Modern Brunei sits on the edge of an ancient maritime world. Archaeological data indicates long-term settlement along riverine and coastal corridors of northern Borneo, where communities exploited sago, forest resources, and coastal fisheries. The samples in this dataset—collected from Tutong, Lamunin, Bebuloh, Seria, Limbang and Temburong—represent people whose cultural roots trace into a deep palimpsest of Austronesian expansions, indigenous Dayak traditions, and centuries of regional trade.

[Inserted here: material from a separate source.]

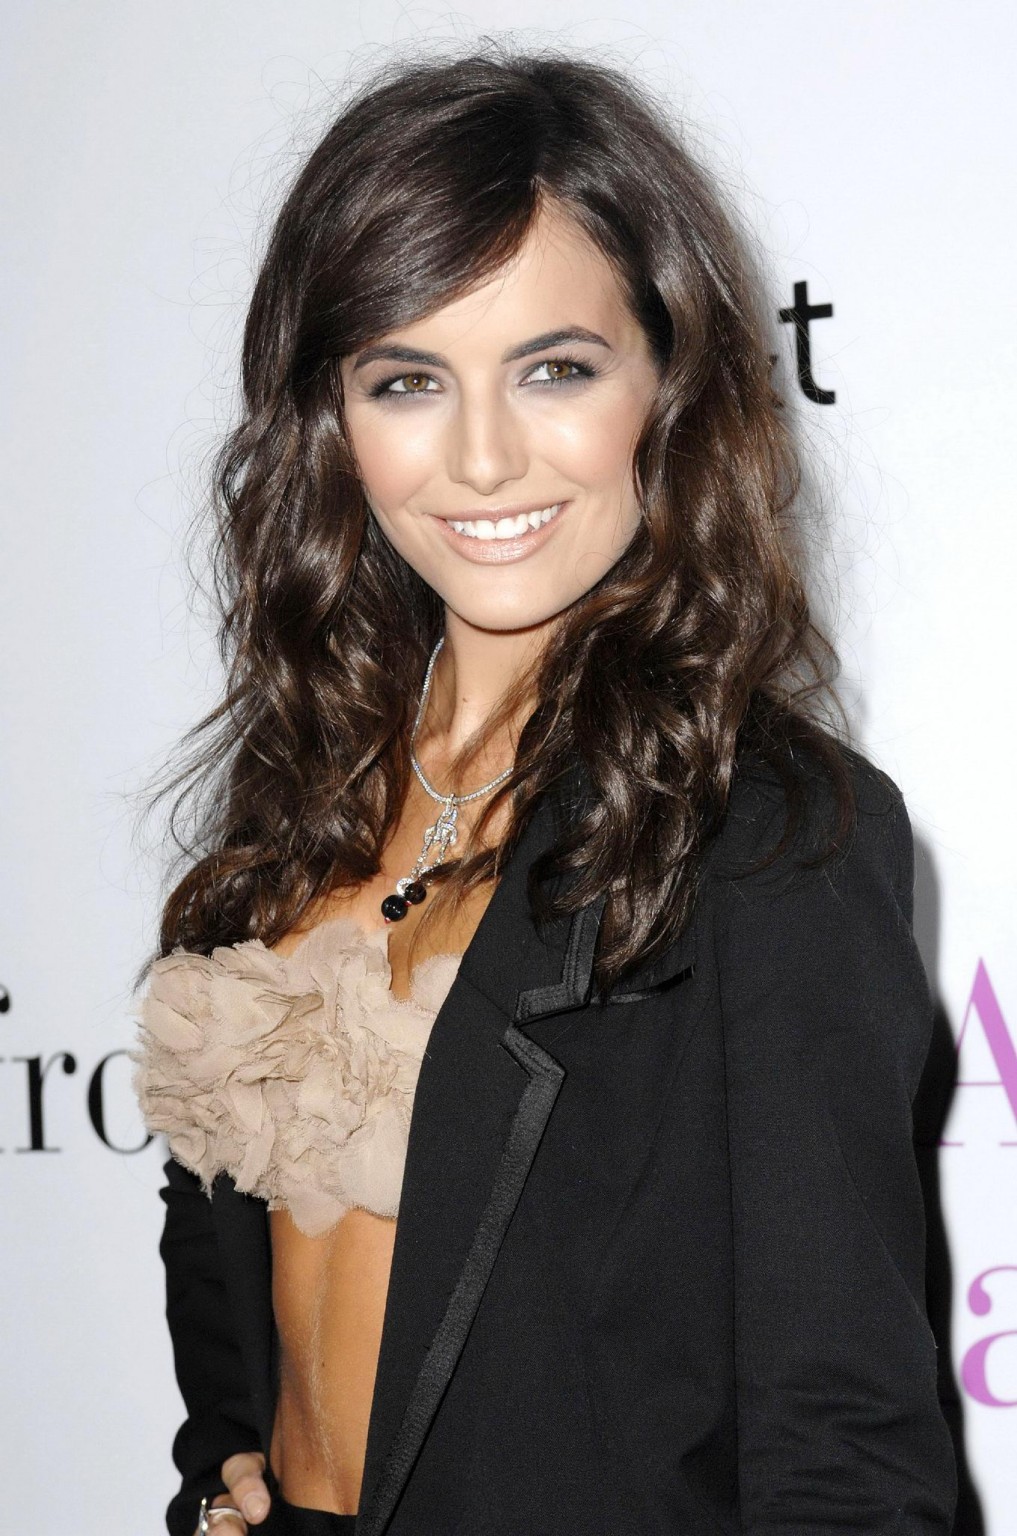 Camilla Belle showing her perfect abs at the Prada to Nada premiere in LA #75320223

Limited evidence suggests that the rhetorical ‘‘beginning’’ of inhabitants in this region is far older than modern state boundaries: pottery types, oral histories, and material culture across Borneo point to population movements associated with the Austronesian dispersal (multi-millennial processes beginning ca. 2000–1000 BCE), followed by local adaptation. For the modern era (ca. 2000 CE), archaeological indicators are often subtle—house forms, graves, and portable artifacts overlayed by colonial and industrial landscapes. The cinematic sweep of mangroves, rivers and longhouses that once defined daily life still frames genetic continuity: DNA can capture both recent demographic shifts and echoes of earlier contacts that archaeology records more diffusely.
Where direct archaeological sampling is sparse, genetic data from living people becomes a complementary lens. Together, material culture and modern genomes sketch a narrative of long-standing coastal residency punctuated by trade, migration, and social reconfiguration.